# morehead city next weekend



## e-mag (Jun 15, 2006)

i need advice on how to fish for grouper.thanks.


----------



## AtlantaKing (Jul 7, 2002)

Which boat? If this is your first time, the mates on the boats should be able to hook you up right.


----------



## e-mag (Jun 15, 2006)

i have been prob dozen times but the last time was 13 years ago.continental shelf and capt dick's.that was aaaa longggg time agooo.


----------



## AtlantaKing (Jul 7, 2002)

4/0 Senator on a heavy boat rod, 50lb mono or braid, 8-10oz egg sinker, 2/0 swivel (225lb test), 4' of 80lb mono leader, 6/0 live bait hook and a big chunk of cut bait, or a live pinfish.
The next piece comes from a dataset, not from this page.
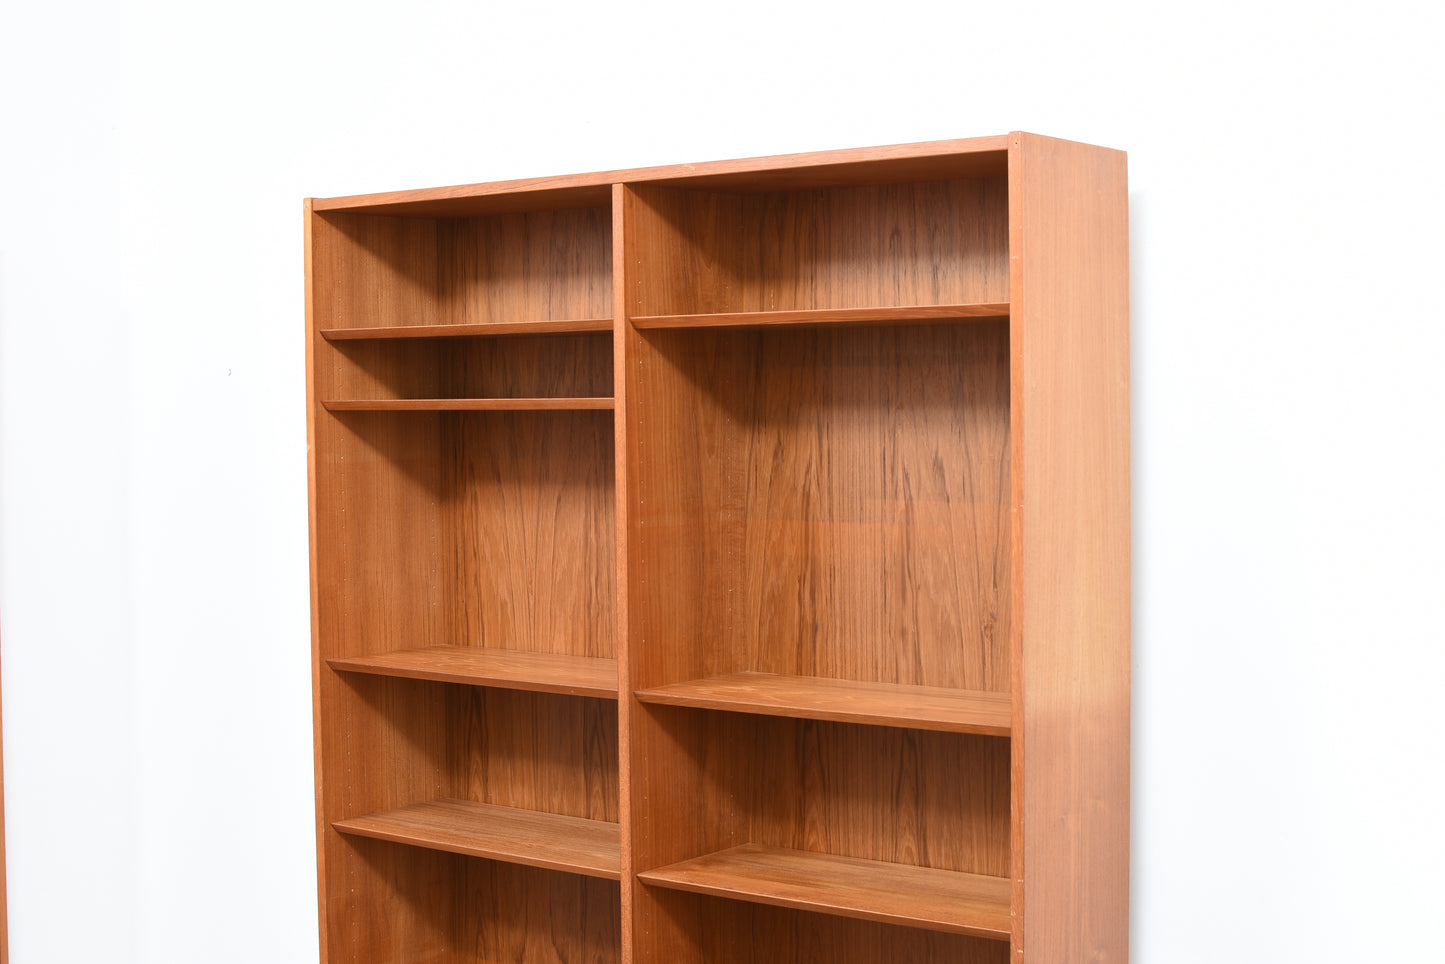 Large teak bookshelf by Poul Hundevad

Drop it down and hold on!


----------



## Big Rad (May 19, 2003)

*Catch a little one*

Shhhhhhhh Cut em in half and put him on a bigger hook......They such cannibals  

only if'n the mate says you can though 

.


----------



## e-mag (Jun 15, 2006)

anymore advice for them groupers and mahi-mahi


----------



## AtlantaKing (Jul 7, 2002)

I thought you would have already gone...weren't you going this past weekend? If you can wait a weekend or two, would you be interested in carpooling? I'm dying for some grouper pullage!  
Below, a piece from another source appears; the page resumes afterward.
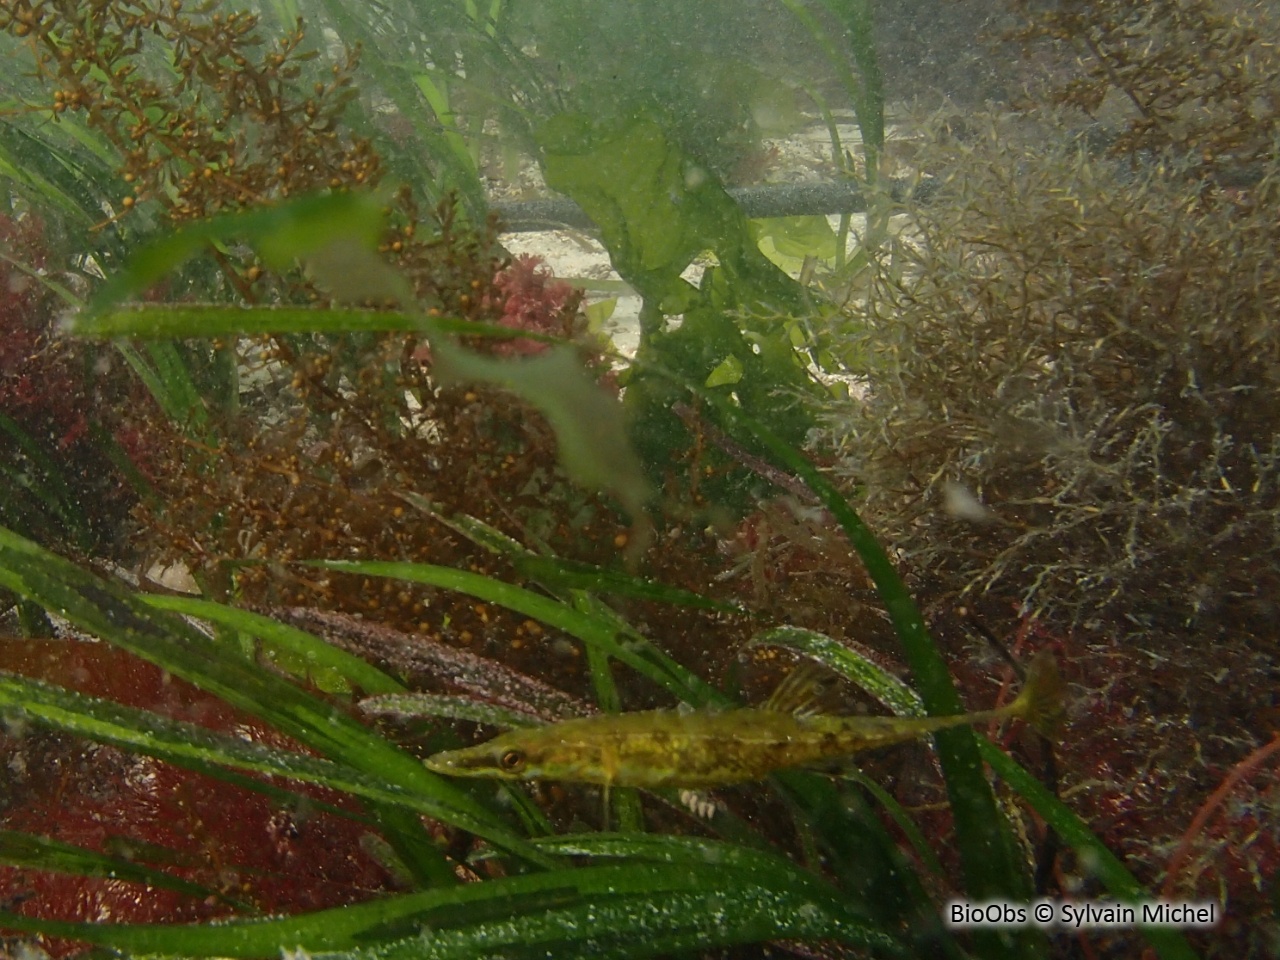 Épinoche de mer - Spinachia spinachia - Sylvain Michel - BioObs

For mahi mahi, it's a quick shot kind of thing: they tend to swim up to the boat to investigate, so you'd be well advised to keep a medium spinning rod already rigged with a small hook on a Fluoro leader, no weight no swivel. When you see the mahi mahi swim up, quickly grab the spinning rod, hook on a chunk of bait and gently lob it in the mahi mahi's direction. Open the bail and let the bait slowly sink. :fishing:


----------



## e-mag (Jun 15, 2006)

I'm leaving tommorow night .We will hook up next time.My wife been good to me lately!!Thanks Again


----------



## AtlantaKing (Jul 7, 2002)

Ahh, I see. I hope you have calm winds, fair seas and great luck.


----------



## Big Rad (May 19, 2003)

*Mahi Mahi*

Any floating mats of seaweed usually has a few underneath. Toss to the edge and get ready. Be quick on the hookset.


----------



## hengstthomas (Mar 11, 2006)

Capt Stacey has been doing much better than most boats. 
AtlantaKing has it right for maui's.
Grouper..use any small fish you catch or get some mackerel from the mates(whole and not to big) and reverse fillet them or try 2 to 4 cigar minnows. My last trip I got about a dozen grouper but only 1 keeper. I got a court date on june 26th for a speeding ticket on the way back from the Jil Carrie trip so after I fix that hole in the pocket we will be in NC for grouper and maui also.We usually go around the 4th of july because the sight are much better this time of year  
Good luck E-mag !


----------